Unfortunately, I've confirmed that this patch 0001-64bit-guc-relopt-3.patch doesn't apply correctly on my computer.

Here's what I did:

I did a "git pull" to the current HEAD, which is 6271fceb8a4f07dafe9d67dcf7e849b319bb2647

Then I attempted to apply the patch, here's what I saw:

$ git apply patches/0001-64bit-guc-relopt-3.patch
error: src/backend/access/common/reloptions.c: already exists in working directory
error: src/backend/utils/misc/guc.c: already exists in working directory
error: src/include/access/reloptions.h: already exists in working directory
error: src/include/utils/guc.h: already exists in working directory
error: src/include/utils/guc_tables.h: already exists in working directory

Alexander, what is the process you're using to create the patch?  I've heard someone (maybe Tom Lane?) say that he sometimes uses "patch" directly instead of "git" to create the patch, with better results.  I forget the exact command.

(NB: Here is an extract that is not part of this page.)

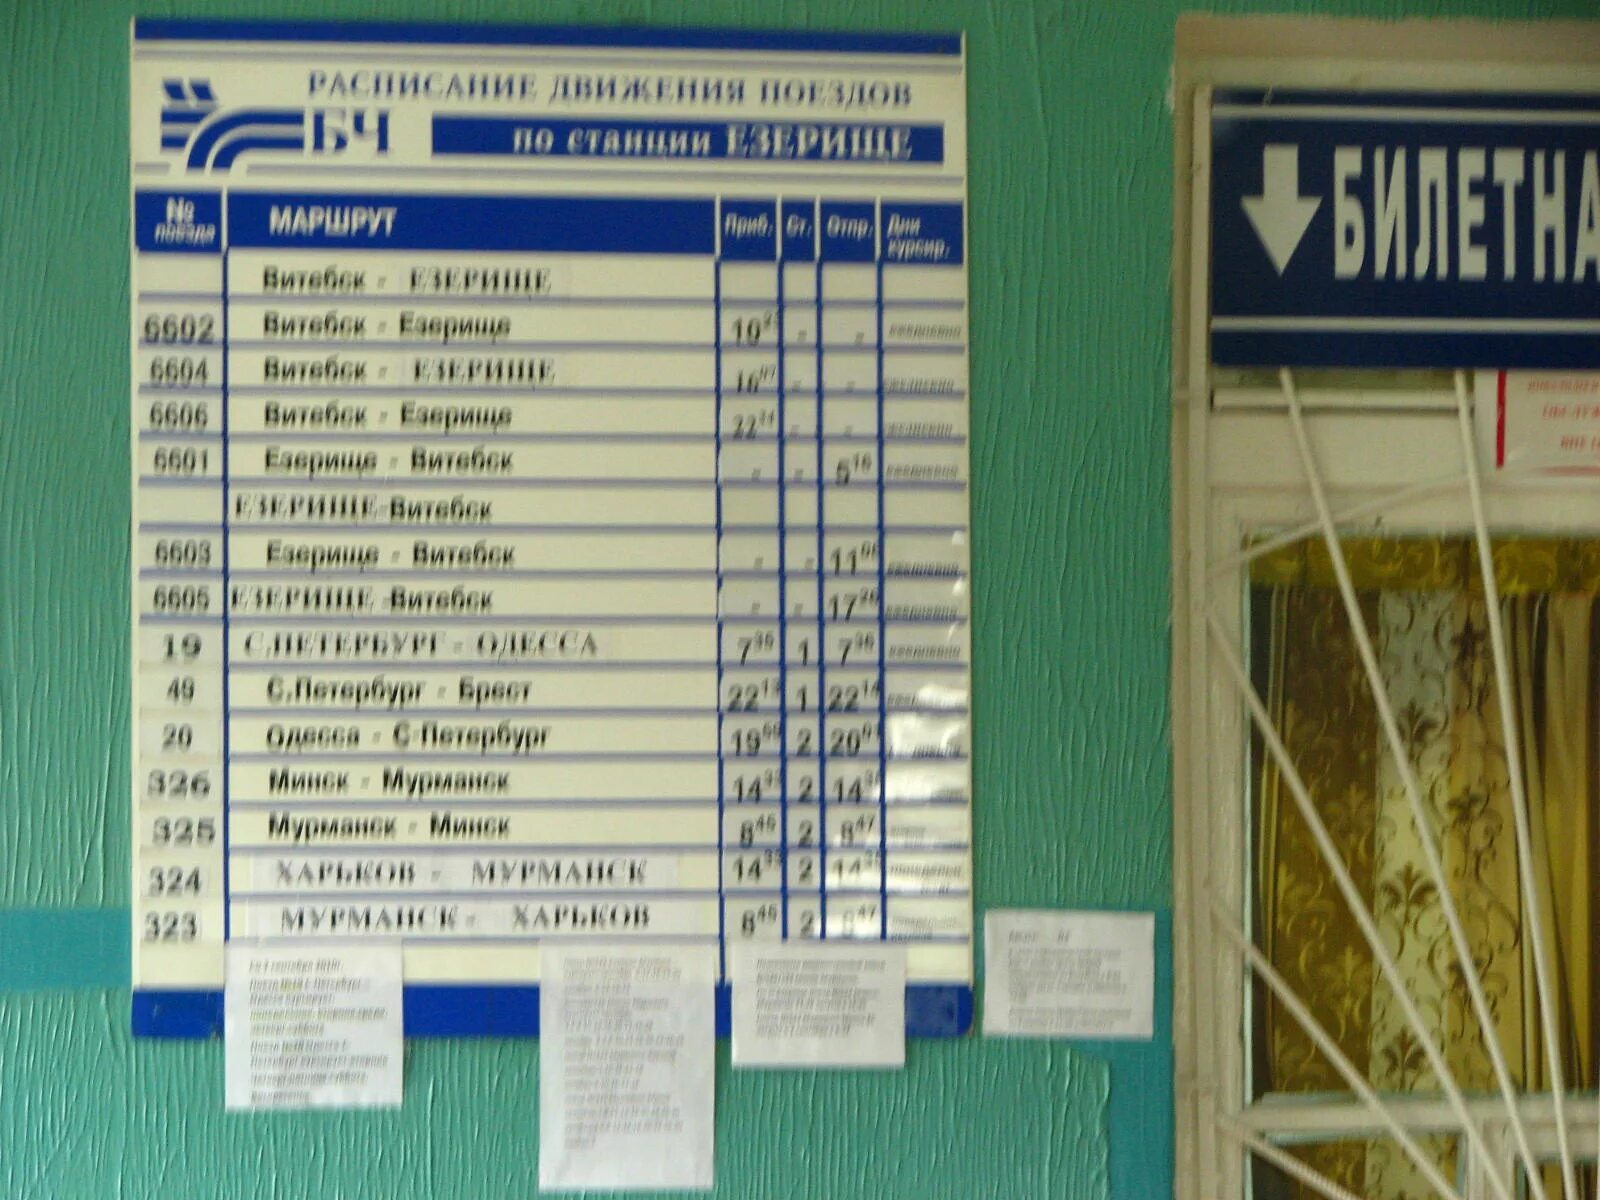 Расписание пригородного поезда Витебск-Езерище. Станция Езерище. ЖД станция Езерище. Автостанция Освея.
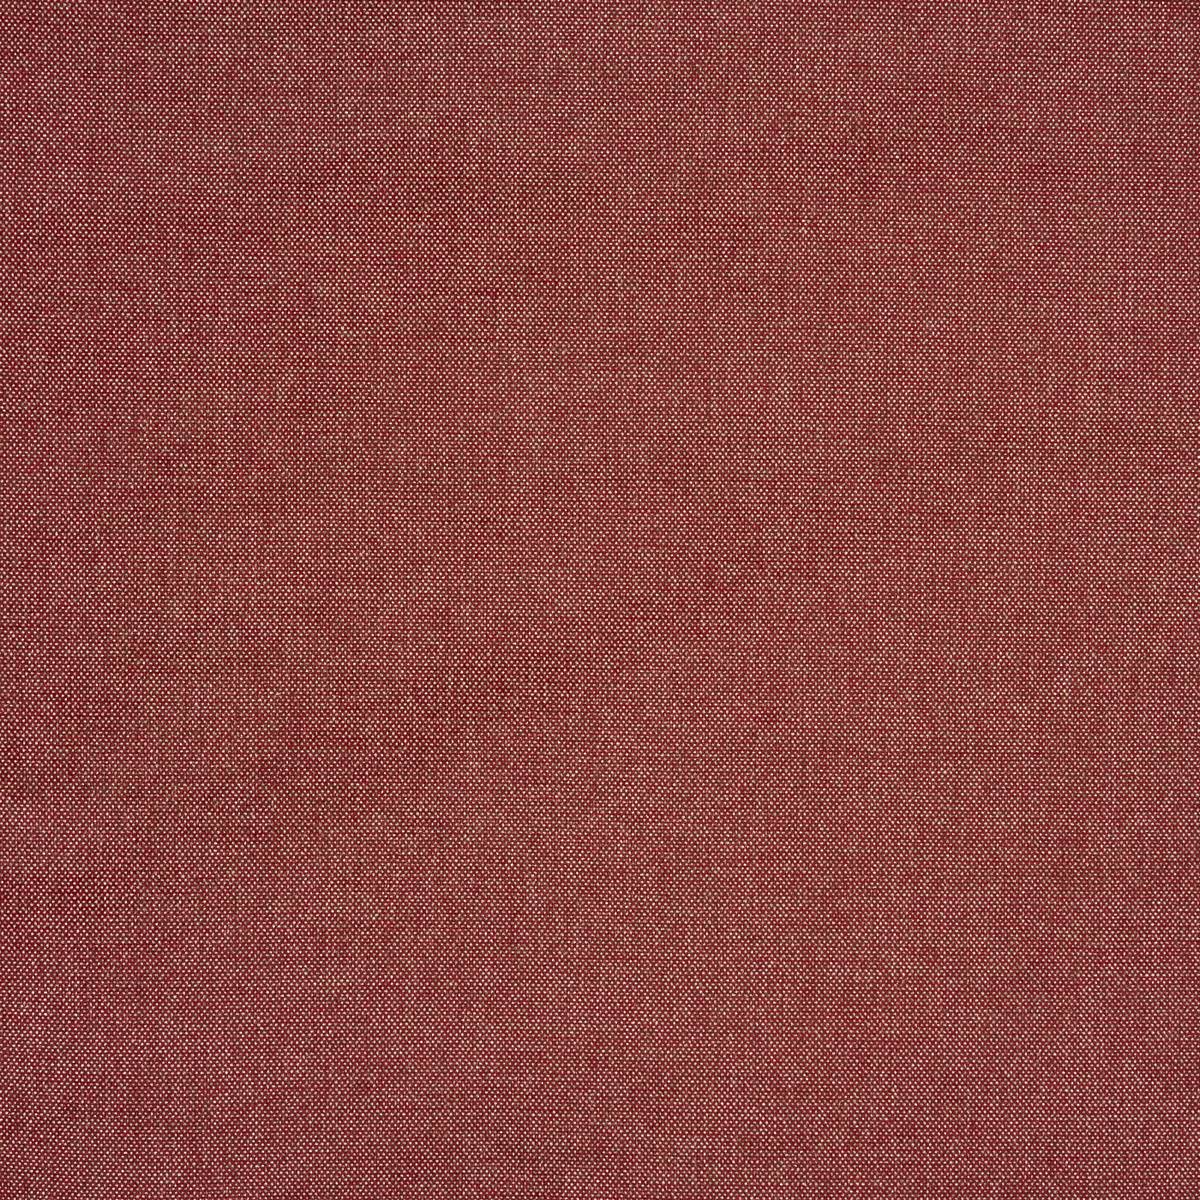 Chino Crimson Fabric by Prestigious Textiles

I've created patches using context diff, as described in PostgreSQL wiki.
I already noticed that it causing troubles to some community members who use 'git apply'.  And also I noticed that majority of patches nowadays are sent using universal format.  So, I decided to switch to universal format too.  I'm working on rebasing patchset, that takes some time...  Next revision will be sent in universal format.

Please, find in attachment the rebased patchset.

As I get from cputube, patchset doesn't compiles again.  Please find revised version attached.

------
Alexander Korotkov
Postgres Professional: http://www.postgrespro.com
The Russian Postgres Company 
Attachment

Re: Challenges preventing us moving to 64 bit transaction id (XID)?

From
Andres Freund
Date:
Hi,

On 2018-01-11 01:02:52 +0300, Alexander Korotkov wrote:
> As I get from cputube, patchset doesn't compiles again.  Please find
> revised version attached.

It'd be good if you could maintain the patches as commits with some
description of why you're doing these changes.  It's a bit hard to
figure that out sometimes and having to dig through a thread with quite
some discussion certainly makes it less likely to be looked at.


- Andres


Re: Challenges preventing us moving to 64 bit transaction id (XID)?

From
Alexander Korotkov
Date:
Hi!

On Fri, Mar 2, 2018 at 1:41 AM, Andres Freund <andres@anarazel.de> wrote:
On 2018-01-11 01:02:52 +0300, Alexander Korotkov wrote:
> As I get from cputube, patchset doesn't compiles again.  Please find
> revised version attached.

It'd be good if you could maintain the patches as commits with some
description of why you're doing these changes.  It's a bit hard to
figure that out sometimes and having to dig through a thread with quite
some discussion certainly makes it less likely to be looked at.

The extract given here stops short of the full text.